Some viruses, like distributed denial of service Trojans, take over computers not to get to that specific device but to turn the device into part of a botnet for attacks on a larger scale. They spread, some coded that way, while others ultimately shared accidentally via emails or email attachments. Keeping up with antivirus software is critical to help get rid of any viruses, big or small, that your computer obtains.
Symptoms Of A Computer Virus
Just like a person starts sneezing or gets an itch in their throat with the common cold, your computer also experiences strange symptoms if it’s been infected. Keep an eye out for these indicators of a virus on your device.
You get a lot of pop-ups, both on your desktop and browsing the web.
Some popups are completely innocent. But if you notice a jump in frequency, think twice. These pop-ups claim to notify you of a breach in your computer security.
In reality, however, these pop-ups only offer an avenue for more malware to affect you. If you click them, they’ll take you to malicious websites or infect your device further.
You notice strange emails or messages sent from your accounts.
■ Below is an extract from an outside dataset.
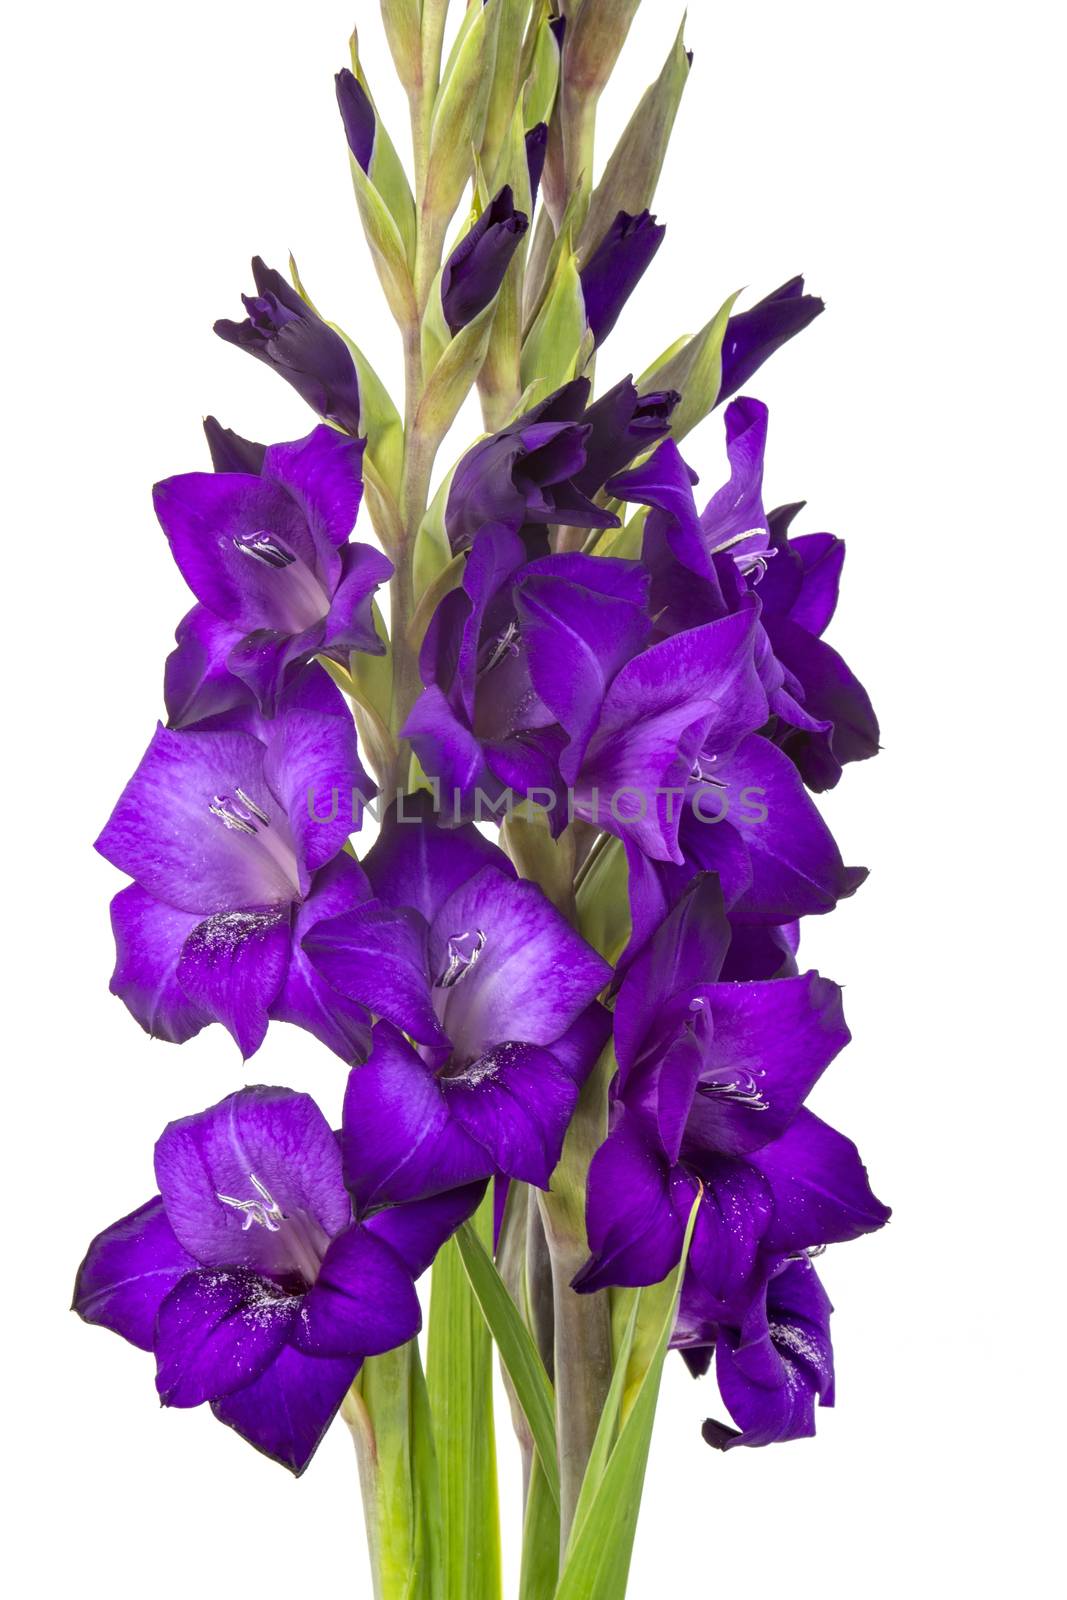 purple gladiolus flowers on white background

Sometimes, in an attempt to spread, viruses can send emails or messages to other people on your contact list. It’s possible you wouldn’t notice at first, since most people don’t check their “Sent” folders regularly. However, if someone tells you they received a strange message from you, check into it.
Your computer is incredibly slow.
Every device stops working sometime, and it’s no surprise that old computers start to slow down. But you know your computer, and you know how fast it can operate. If you’ve noticed a significant decrease in your computer’s response times, even when you only have a few programs open, it could mean you have a virus.
Your computer crashes frequently or has the “blue screen of death.”
Again, no computer is perfect, but if your device starts to crash frequently, this is a red flag. Viruses can overload a computer’s system to the point of nonfunction. If you notice that your device seems to have no memory, this is another red flag. Run a virus scan with your security software to find out if that’s the issue.
Preventing Computer Viruses
When a virus infects your device or files, the results range from annoying to devastating. It depends on what kind of virus you have; your computer could just slow down or you could completely lose files for good. The best course of action to prevent a virus is to take the time to get antivirus software installed on your device. There are many free antivirus software programs available, or if you want stronger protection, there are paid plans that you can invest in. This serves as the first - and strongest - layer of defense against viruses. However, it's also important to keep basic Internet safety in mind. Avoid shady websites and only search on secure browsers. Don't click on links sent to you by unknown users on social media. These easy steps go a long way in preventing viruses from attacking your device.
Viruses are tricky. But avoiding them, along with other types of malware like computer worms, keyloggers, and Trojan horses, is possible. Getting computer virus protection is key; remain vigilant to protect yourself and your information. There are many software programs available to accomplish computer virus protection.